Сам Беккет формулировал задачу своего искусства следующим образом:

Материал, с которым я работаю, - бессилие, незнание. Я веду

разведку в той зоне существования, которую художники всегда оставляли

в стороне, как нечто, заведомо несовместимое с искусством.

Нашим искусствоведам в штатском хотелось бы представить Беккета как измельчавшего Джойса или выродившегося Кафку, как некогда сгоряча сказал Вигорелли. А он - равный им колосс, "самый глубокомысленный писатель", "единственный, кто решается прямо смотреть в лицо наиболее важным проблемам современности".

Когда открываешь для себя Беккета, никак нельзя отрицать силы

получаемого впечатления, не смею сказать - обогащения, потому что речь

идет об осознании абсолютной нищеты, которое он нам дает. Нищеты,

нашего единственного достояния и богатства. Неисчерпаемой,

ослепительной нищеты.

Некогда доктор философии Серенус Цейтблом говорил о шедевре Леверкюна, который звучит как плач Бога над почившим своим миром, как горестное восклицание Творца: "Я этого не хотел!"

Здесь, думается мне, достигнуты предельные акценты печали,

последнее отчаяние отождествилось со своим выражением, и... я не хочу

этого говорить, боясь оскорбить несообщительную замкнутость,

неизлечимую боль творения Леверкюна разговором о том, что до последней

своей ноты оно несет с собой другое утешение, не то, что человеку дано

"поведать, что он страждет.
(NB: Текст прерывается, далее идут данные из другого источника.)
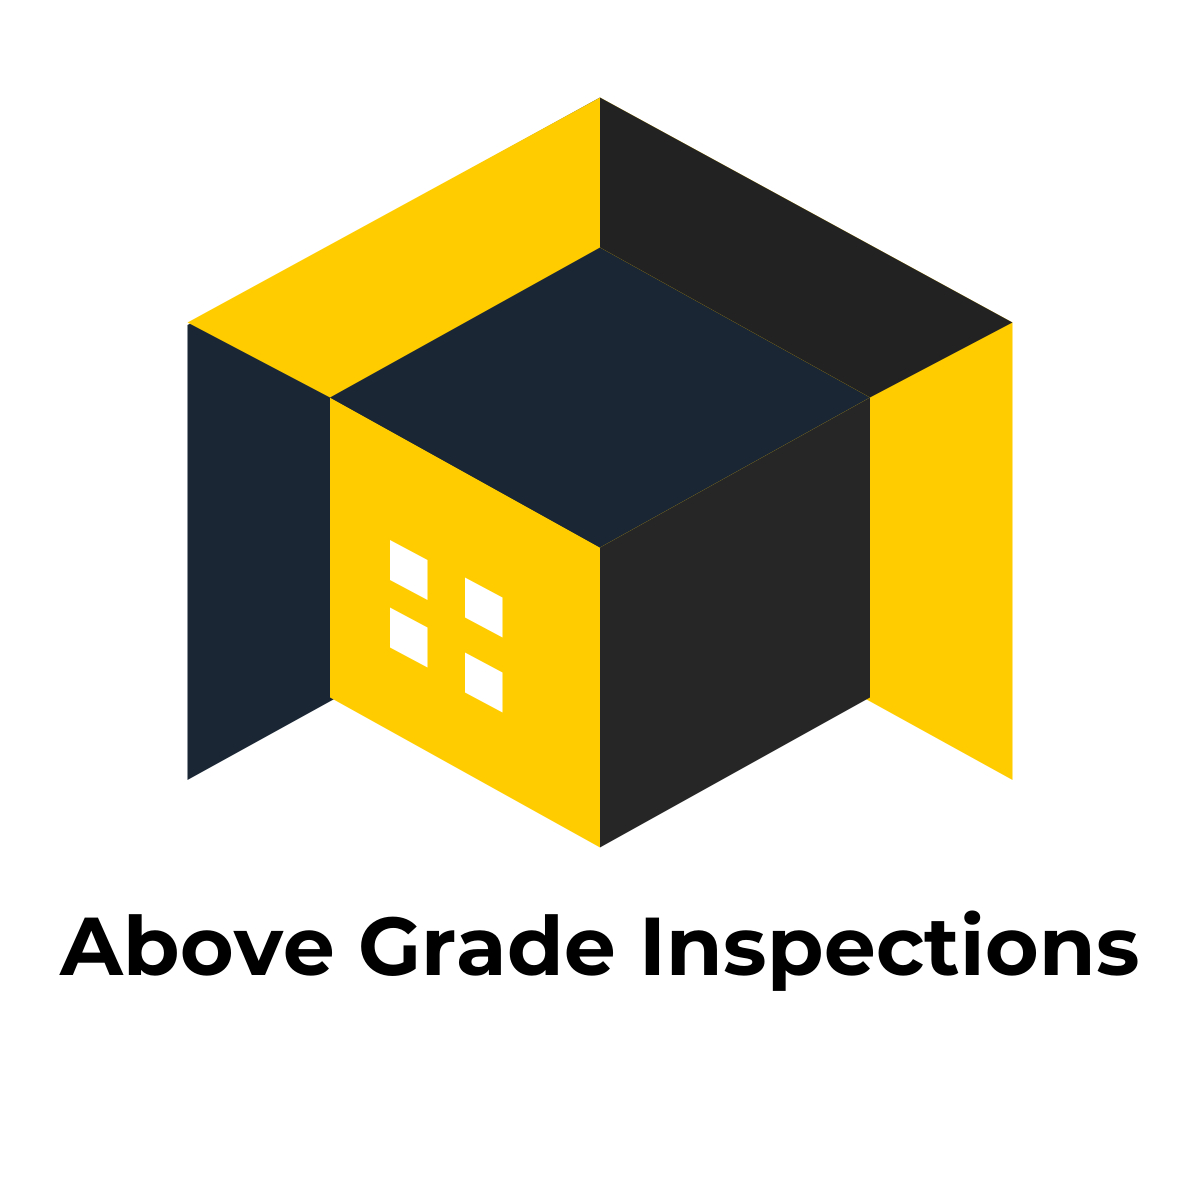 Above Grade Inspections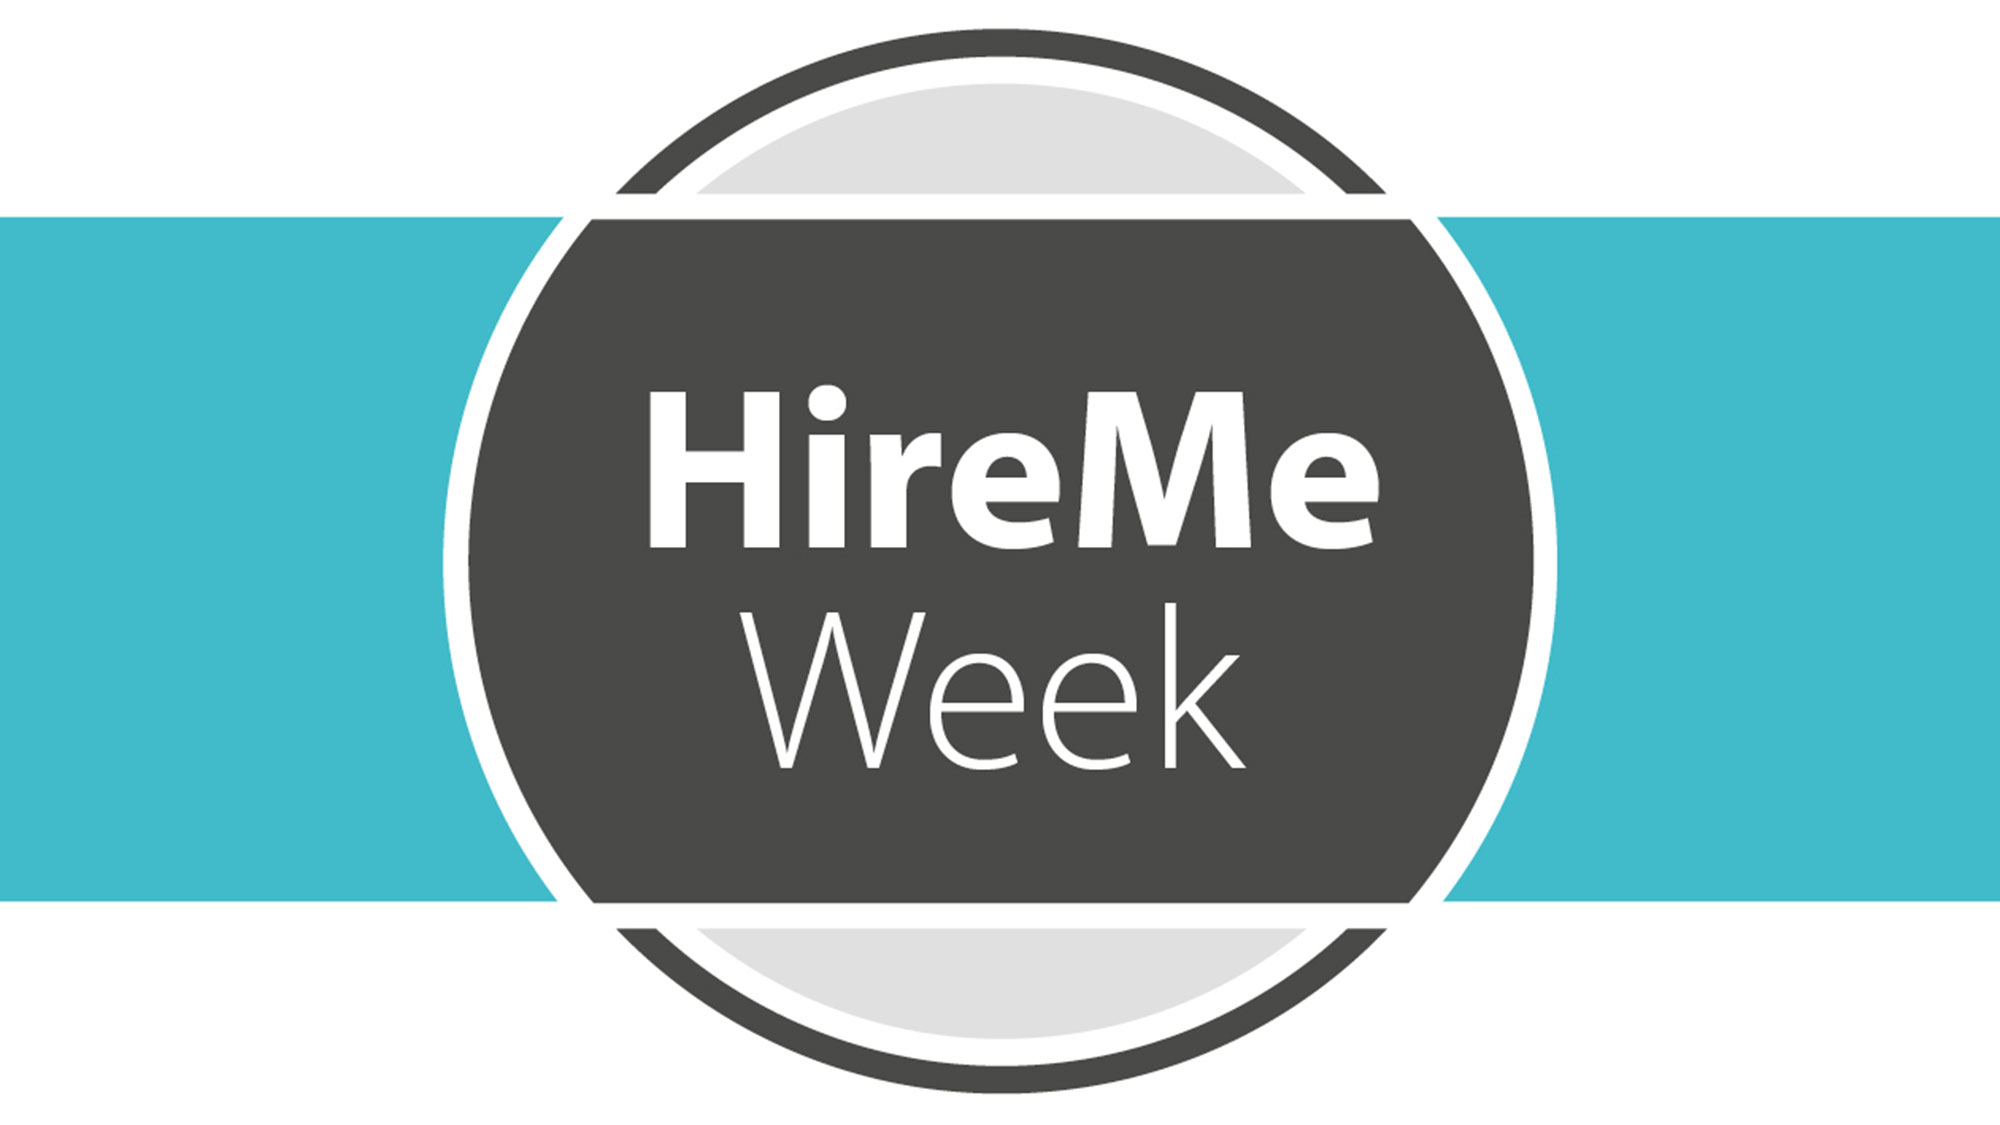 HireMe Week: Access your Skills and Gain Ones Employers Want

Нет, суровая музыкальная поэма до конца не

допускает такого утешения или просветления! Но, с другой стороны,

разве же парадоксу искусства не соответствует религиозный парадокс

(когда из глубочайшего нечестия, пусть только как едва слышимый

вопрос, пробивается росток надежды)? Это уже надежда по ту сторону

безнадежности, трансценденция отчаяния, не предательство надежды, а

чудо, которое превыше веры.

Великая в своей безысходности боль трагедий Беккета, питаемая высшим вдохновением, есть этот плач Бога, плач по человечеству, плач, неспособный ни облегчить его бесконечные муки, ни придать им смысл.

Беккет - это и есть развернутое предостережение леверкюновского черта, а его вопль отчаяния - крик отъединенного, отчужденного, одинокого человека, утратившего связи с миром. Но не цинизм отчаяния и не самоглумление одиночки, как интерпретируют доктора с лампасами, а демонстрация того, во что способно обратить нормального человека ненормальное общество.

Шоки непонятного, которые восполняют художественную технику в

эпоху утраты ею смысла, претерпевают превращение. Они освещают

бессмысленный мир. Ему приносит себя в жертву новая музыка. Всю тьму и

вину мира она принимает в себя. Все ее счастье в том, чтобы познать

несчастье; вся ее красота в том, чтобы отказаться от видимости

прекрасного. Никто не имеет с ней ничего общего - индивиды так же

мало, как и коллективы. Она затихает никем не услышанная, без эхо.

Такова, кстати, музыка Холлигера к беккетовскому "Come and Go".

В творчестве Беккета, как ранее у Белого, Джойса, Музиля, сама сущность выступает против своего существования, заявляя ему решительный протест. Чистое, идеальное "я" есть антипод личности, как время - антипод вечности. Это - и высшее торжество и гибель, ибо овладеть собой - значит себя уничтожить. Максимум сознания - конец света, считал Валери.

Мир Беккета - оцепенение и автоматизм. Почти все его герои неподвижны. "Они всегда в одном месте, месте их страданий".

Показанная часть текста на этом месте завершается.